User-Specified MAC Address Within a VM
Reading through my past blogs, I saw a nice post
by Vladan Seget on setting a virtual machine's MAC address within vSphere. This is an issue that comes up regardless of virtualization platform and there is no clear way to address fixed MAC addresses other than specifying one in a virtual machine.
Reasons for requiring a MAC address on a virtual machine to be user-specified usually stem from a P2V conversion, where an installed piece of software requires a MAC address as a licensing mechanism. Other situations can arise due to network address control (NAC) systems in use on a network or the Internet, which, again, may stem from a P2V conversion.
Before I explain how to change a MAC address, it is worth outlining a summary view of the MAC address nomenclature. There are six parts to a MAC address. The first three are pairs of hexadecimal numbering that are referred to as a MAC unique identifier. Ironically, these are the unique identifiers of the network interface controller (NIC) manufacturer and are replicated all the time. The last three parts of two hexadecimal numbering is the unique instance of that MAC address from the NIC brand.

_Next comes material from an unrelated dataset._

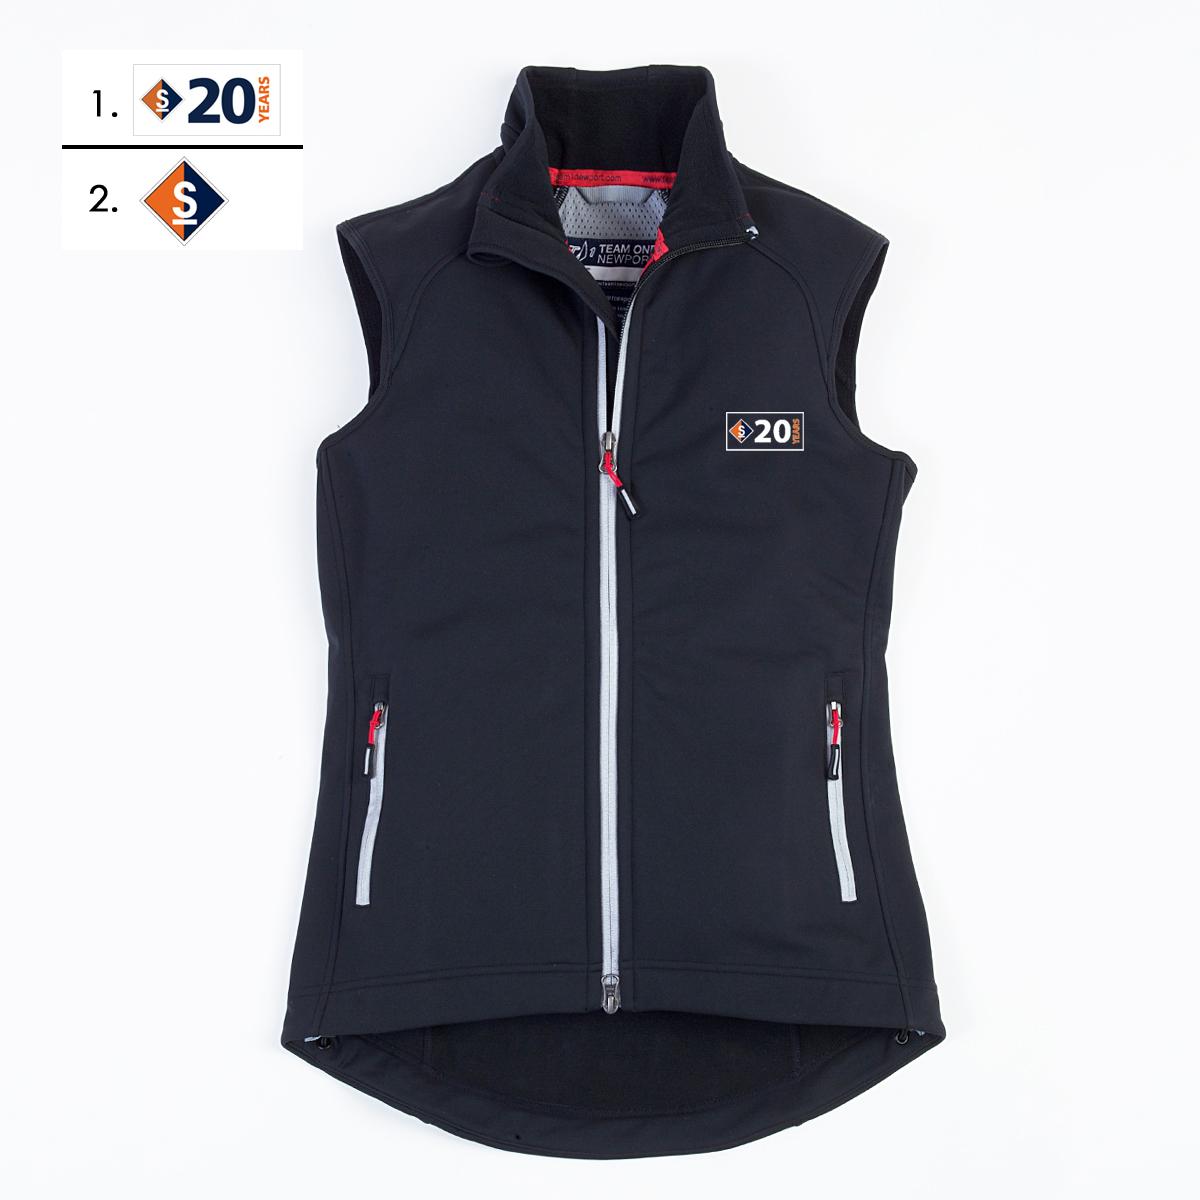 Sail Maine - Women's Scramber Softshell Vest (SME604)

Take, for example, the following MAC address: 00-0C-29-D3-88-7C. 00-0C-29 is the MAC unique identifier for VMware ESX virtualization, and D3-88-7C is the specific VM. Each hypervisor and NIC brand has a designated MAC unique identifier. Be sure to see this scorecard of virtual machine MAC address identifiers.
Depending on the hypervisor, the MAC address can be specified a number of different ways. Sun VirtualBox has a field that you can simply type in a desired MAC address. VMware vSphere allows you to specify it within the vSphere Client for user-specified addresses in the range of 00-0C-29-xx-xx-xx. For vSphere environments, if an address outside of this boundary needs to be used, you'll be required to edit the machine's .VMX file.
|Figure 1. VMware virtual machines can use the default range of MAC addresses, or a user specified address.(Click image to view larger version.)
VMware has this KB article on how to set a static MAC address for a virtual machine, but I recommend you use this sparingly, and avoid it if possible. One example where a static MAC address definition can be avoided is a system with a DHCP reservation. The reservation could be changed from the current physical server's MAC address to the new, auto-created address of the virtual machine.
Do you find you're having to modify MAC addresses often? I've only had to do it a few times, of which I can count on one hand. Share your tricks and tips here for this practice.